** Exercise data follows **

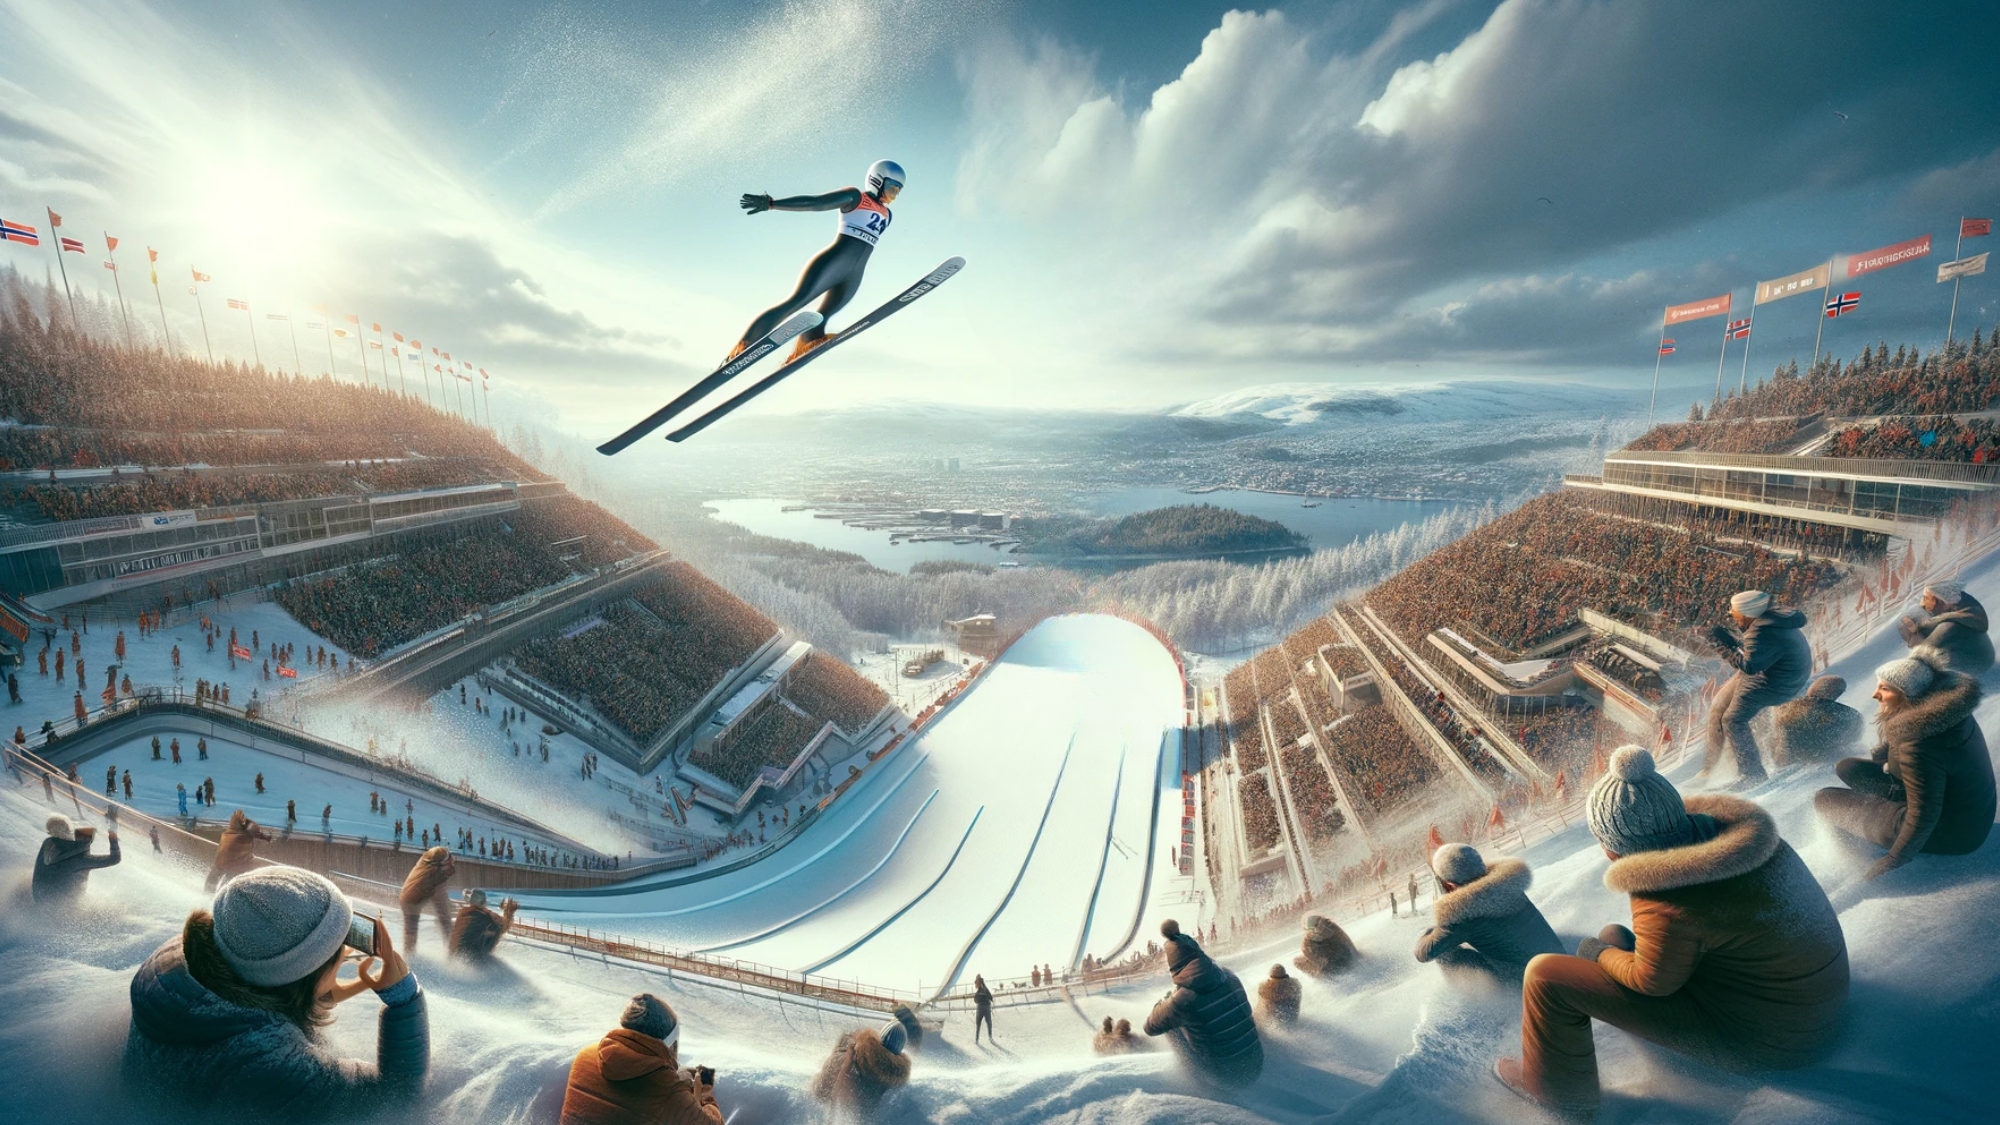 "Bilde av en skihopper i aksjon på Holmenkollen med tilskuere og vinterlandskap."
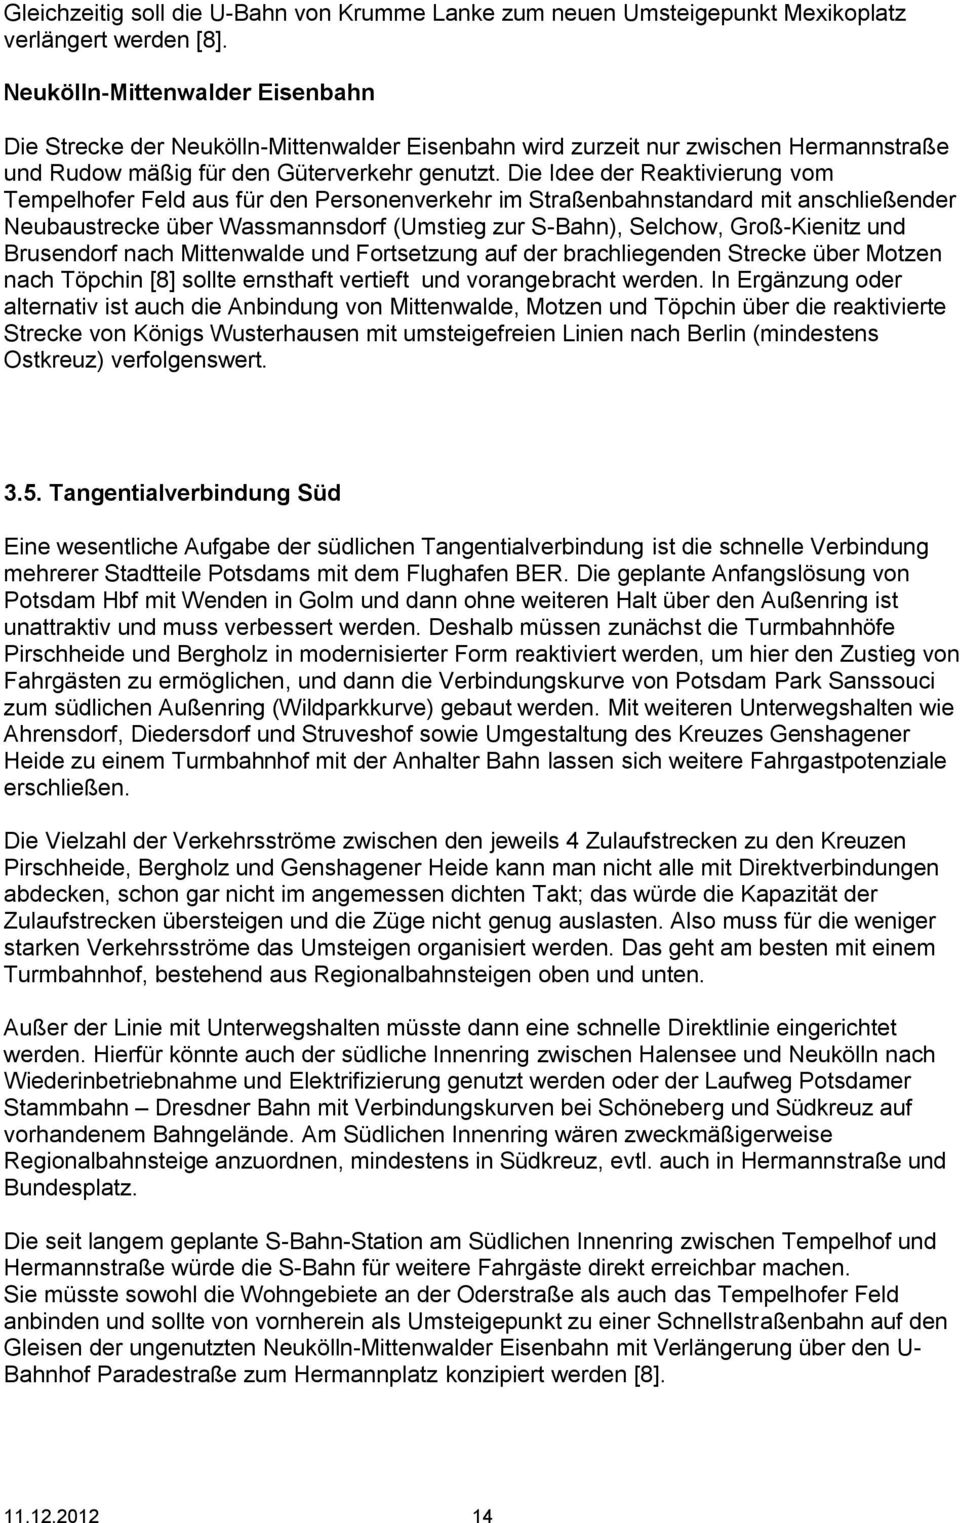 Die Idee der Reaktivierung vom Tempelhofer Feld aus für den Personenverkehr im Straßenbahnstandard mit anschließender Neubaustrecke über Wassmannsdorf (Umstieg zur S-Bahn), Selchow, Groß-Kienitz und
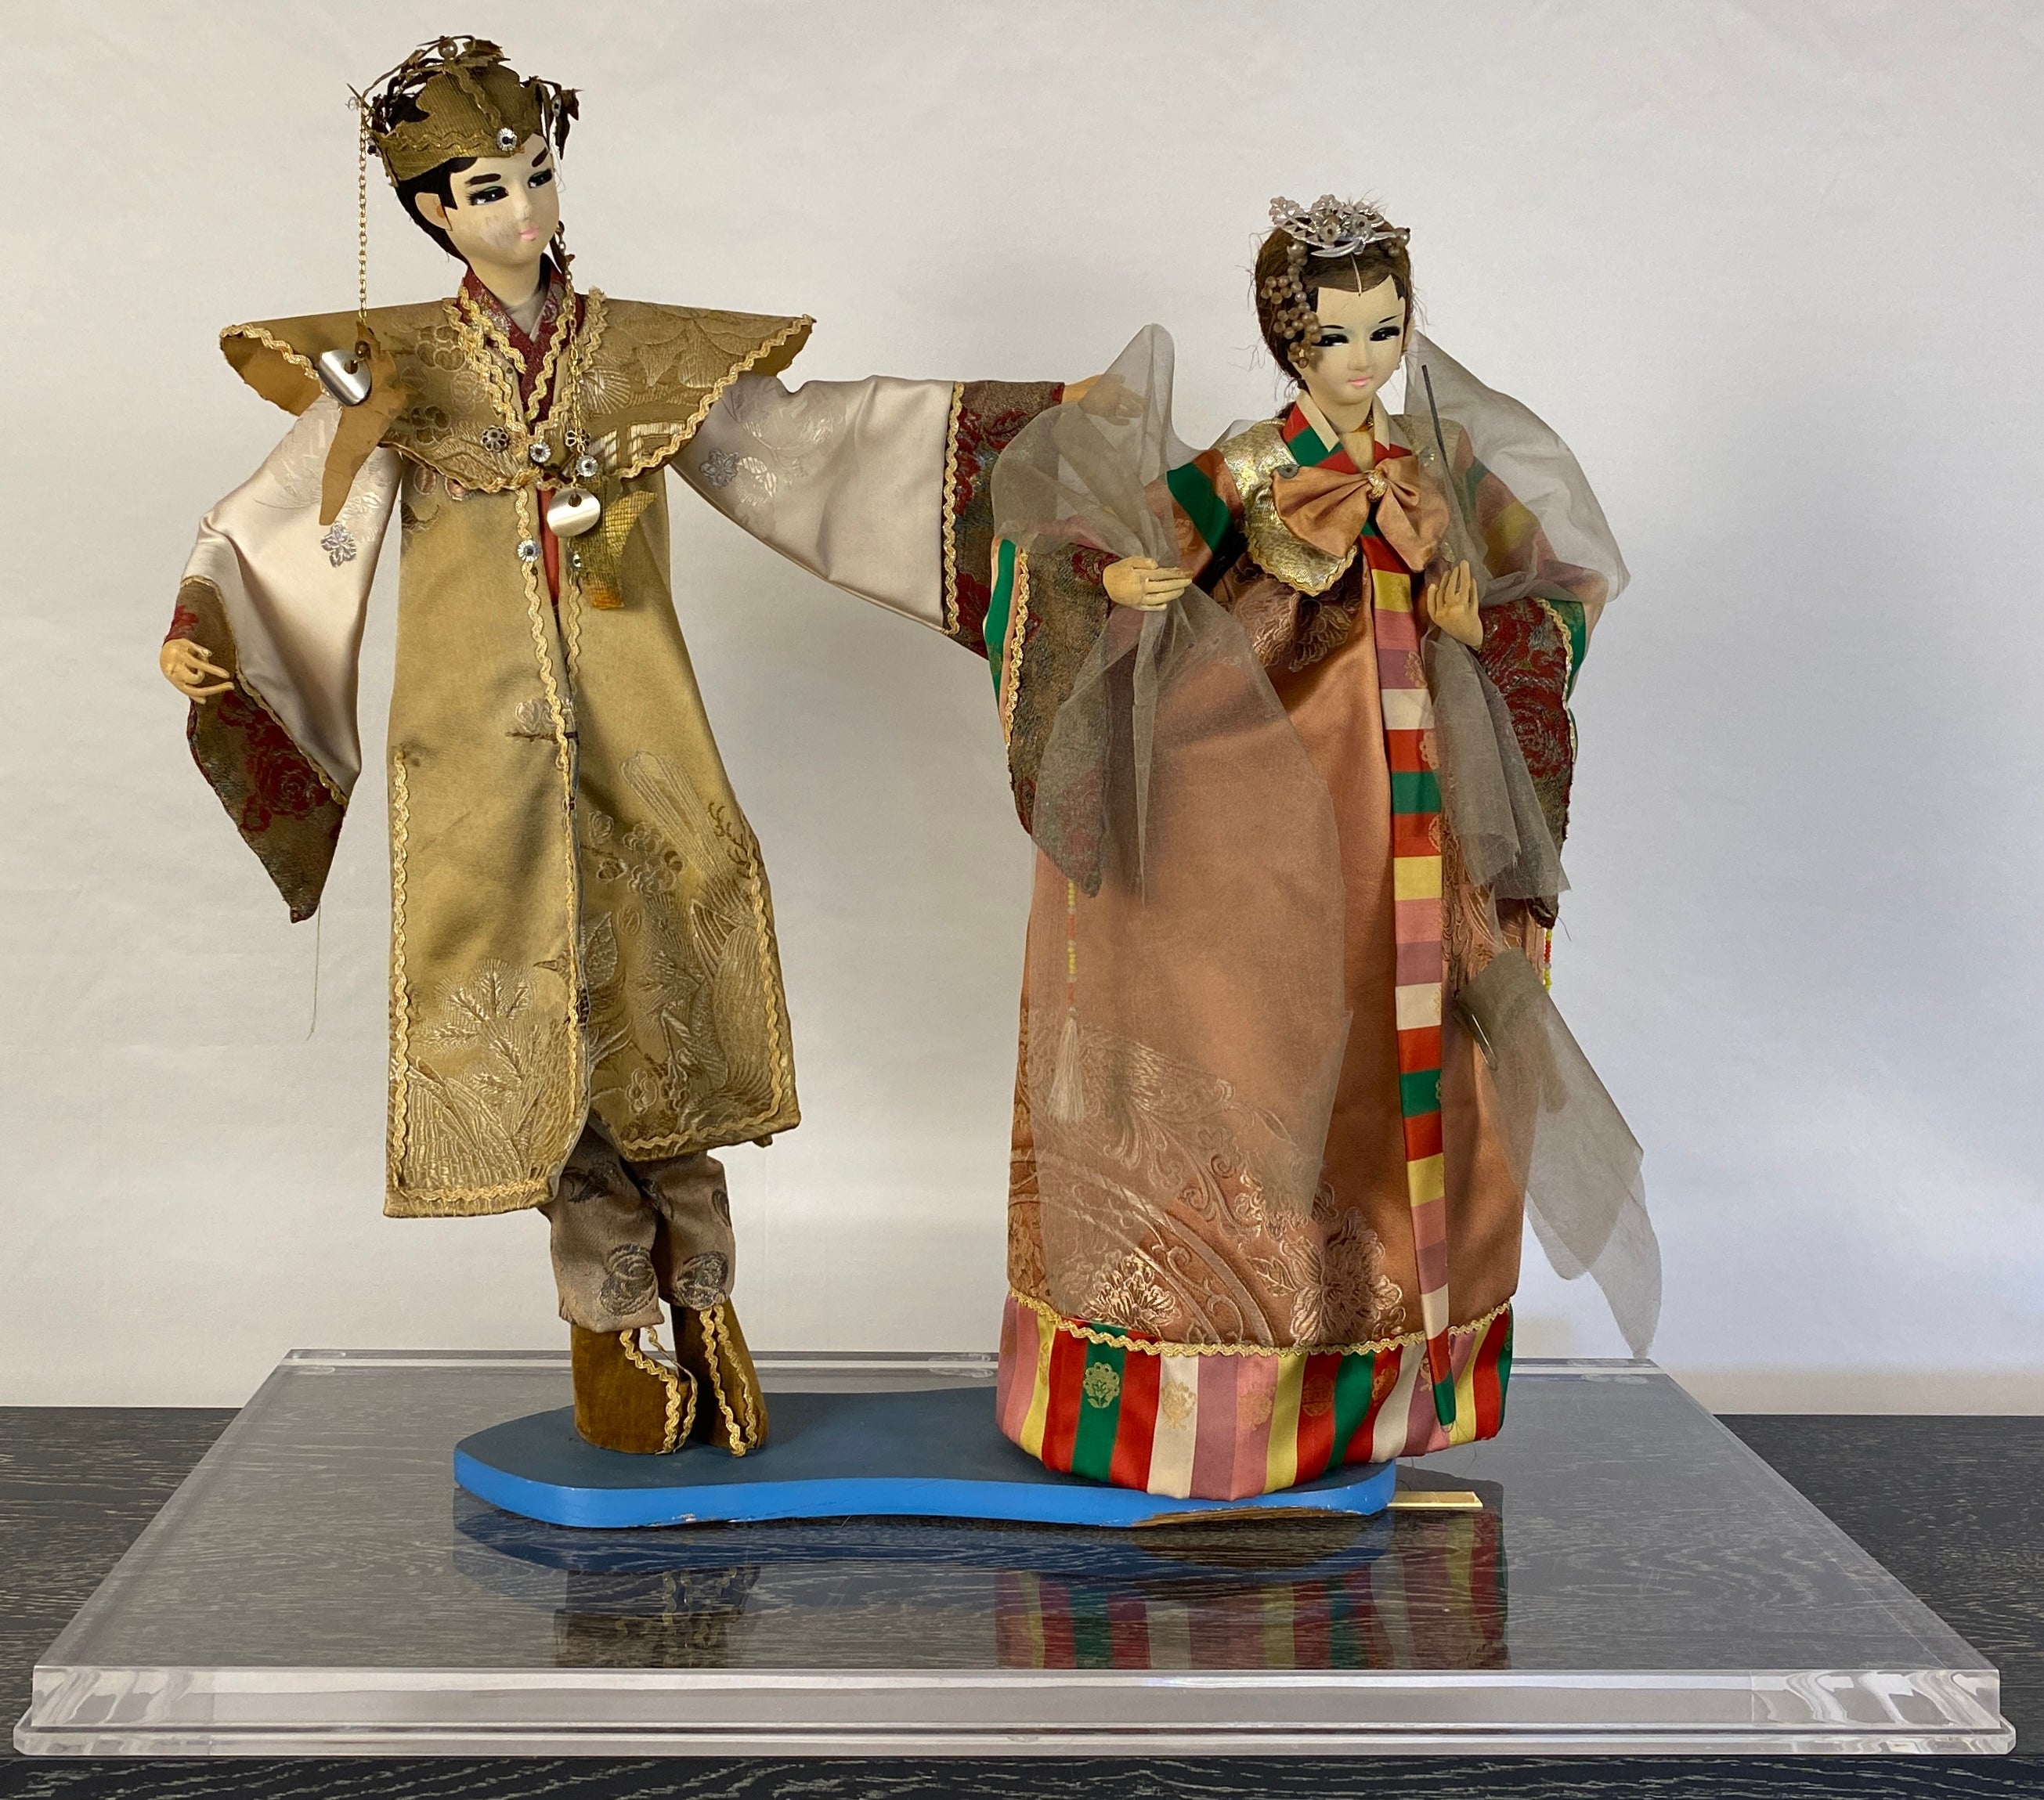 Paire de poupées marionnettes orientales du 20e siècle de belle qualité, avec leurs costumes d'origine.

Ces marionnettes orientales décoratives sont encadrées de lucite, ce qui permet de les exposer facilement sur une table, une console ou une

** End of Exercise data **

#### Exercise instructions
Without any of its images, the data above should be returned exactly.

#### Result for this task
 "Bilde av en skihopper i aksjon på Holmenkollen med tilskuere og vinterlandskap."
 Die Idee der Reaktivierung vom Tempelhofer Feld aus für den Personenverkehr im Straßenbahnstandard mit anschließender Neubaustrecke über Wassmannsdorf (Umstieg zur S-Bahn), Selchow, Groß-Kienitz und
 Paire de poupées marionnettes orientales du 20e siècle de belle qualité, avec leurs costumes d'origine.

Ces marionnettes orientales décoratives sont encadrées de lucite, ce qui permet de les exposer facilement sur une table, une console ou une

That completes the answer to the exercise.